Porto di Trieste, il Tribunale rigetta il ricorso del Coordinamento dei lavoratori: «L’esclusione non è antisindacale»

TRIESTE Il Clpt resta un sindacato non riconosciuto dall’Agenzia per il lavoro portuale di Trieste. È una sconfitta pesante quella rimediata in Tribunale dal Coordinamento dei lavoratori che aveva agito per condotta antisindacale contro l’Alpt.
Il giudice del lavoro di Trieste Paolo Ancora ha infatti rigettato il ricorso sostenendo anche – ed è l’aspetto di maggior rilievo – che non è stata fornita prova dell’attuale rappresentatività del sindacato.
La controversia legale nasceva dalla revoca del protocollo d’intesa siglato nel luglio del 2020 con l’Authority portuale che ammetteva il Clpt fra le organizzazioni legittimate a svolgere, a pieno titolo, attività in porto, riconoscendole diritti sindacali proprio come Cgil, Cisl, Uil, Usb e Ugl.
Revoca decisa a fronte del coinvolgimento del Coordinamento nelle iniziative di protesta dell’ottobre 2021 contro l’obbligo del Green pass per lavorare. Quando l’Authority aveva risolto l’accordo, tutte le società che ruotano attorno al porto avevano deciso di non riconoscere più il Clpt, dal quale nel frattempo si era dimesso il leader della protesta, Stefano Puzzer.
Quali le condotte antisindacali lamentate? L’esclusione dalla contrattazione di secondo livello per la stipula o il rinnovo degli accordi, la mancata concessione di permessi sindacali, la mancata trattenuta in busta paga agli iscritti della quota sindacale.
Nel ricorso dell’avvocato Nicola Sponza il Clpt affermava di essere il sindacato più diffuso in ambito portuale con oltre 300 iscritti, rimarcando che tale rappresentatività era stata espressamente riconosciuta proprio grazie al protocollo del 2020.
Un ricorso con i connotati dell’urgenza perché secondo il Coordinamento l’esclusione dalle contrattazioni per l’approvazione del contratto di secondo livello rischiava di ledere in maniera definitiva il diritto dei lavoratori iscritti di essere rappresentati, inoltre il mancato versamento delle trattenute «stava causando un dissesto economico al sindacato».

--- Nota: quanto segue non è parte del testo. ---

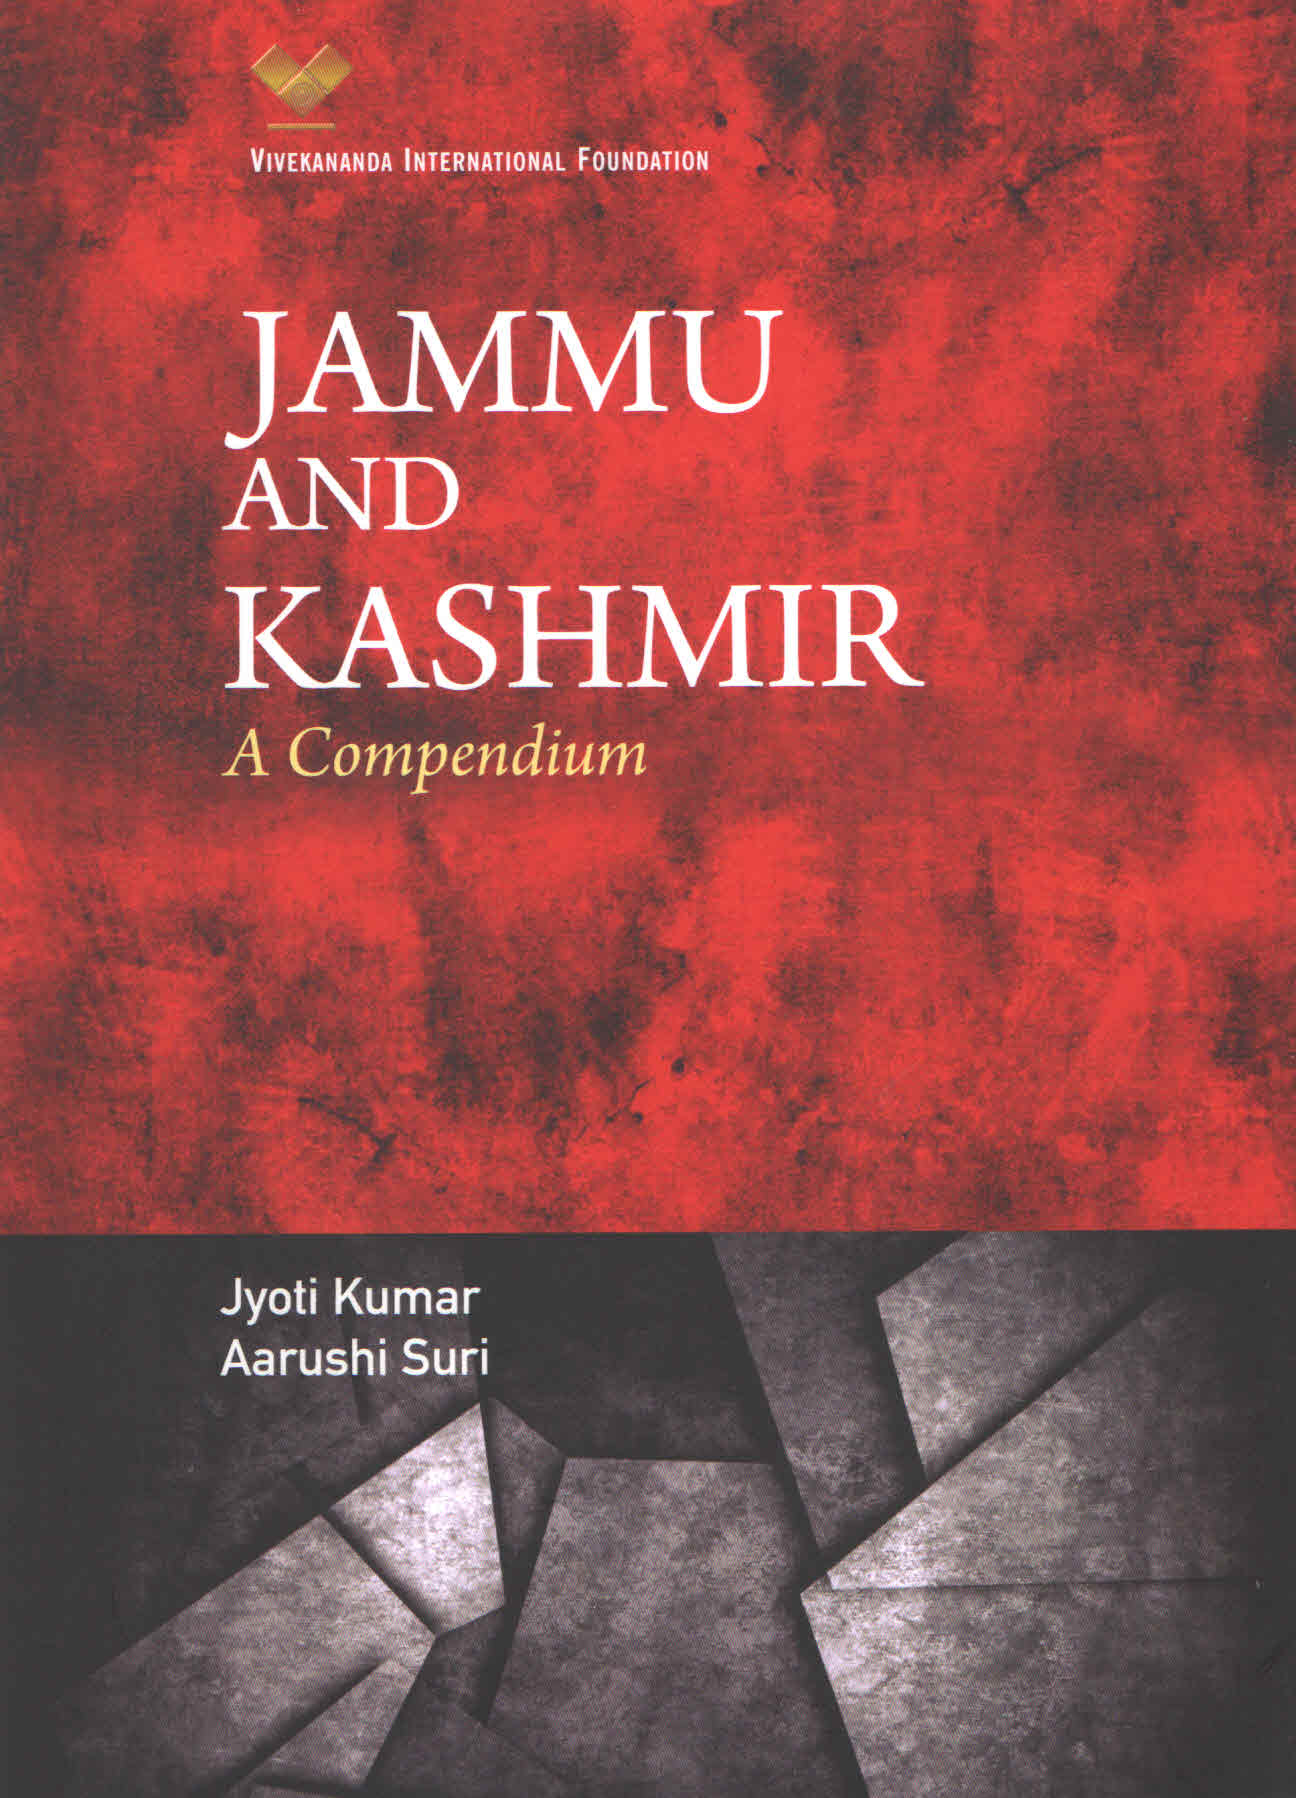 Jammu and Kashmir: A Compendium (Vivekananda Inter…

L’Alpt si è costituita in giudizio presentando una memoria difensiva curata dagli avvocati Daniele Compagnone, Giulio Mosetti e Nicola Galluzzi, sostenendo l’infondatezza del ricorso. Il giudice ha dato quindi ragione all’Agenzia con un’ordinanza articolata in 15 pagine che rigetta il ricorso.
Secondo Ancora, per verificare l’effettiva o maggiore rappresentatività del sindacato, nel caso in questione, l’unico criterio è il numero degli iscritti, ma il Clpt nel ricorso non è stato in grado di fornire dati certi su quanti siano: prima circa 300 iscritti nell’intera area portuale, poi 70 in Alpt, ma senza un dato aggiornato.

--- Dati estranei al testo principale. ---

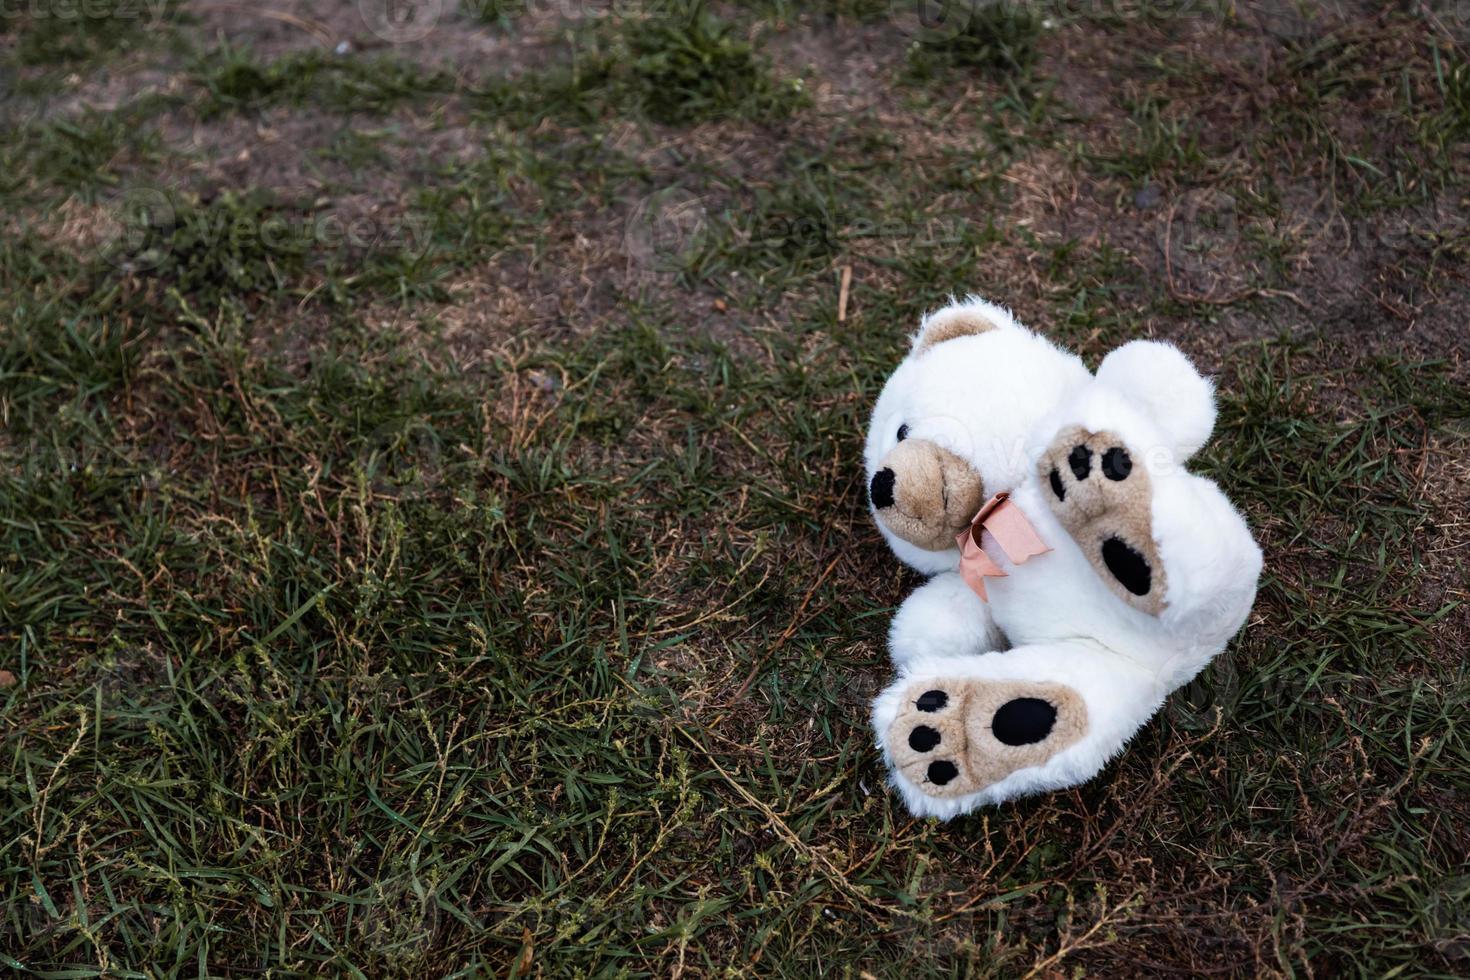 Lost abandoned soft plush toy teddy bear sitting on ground photo

«La mancata trattenuta dallo stipendio – scrive poi il giudice – e dunque il mancato versamento della quota sindacale per oltre un anno senza attivazione alcuna da parte degli iscritti può essere chiaro sintomo di una volontà degli stessi di non continuare a sostenere il sindacato». «Alpt si era sempre resa disponibile – si legge nell’ordinanza – a valutare e ad accogliere le eventuali richieste dei lavoratori di versare a favore del sindacato il contributo economico, ma nessuno, a seguito della revoca del beneficio della trattenuta, aveva mai chiesto, nemmeno informalmente di devolvere alcun importo della propria retribuzione al Clpt».
Nel ricorso il Coordinamento non aveva chiesto espressamente che venisse dichiarato il recesso dal protocollo. Inoltre, i diritti sindacali non potevano discendere dal fatto che il Clpt aveva aderito al Tur (Testo unico sulla rappresentanza) in quanto l’Alpt non è iscritta a Confindustria. Ora il Clpt avrà dieci giorni per presentare reclamo.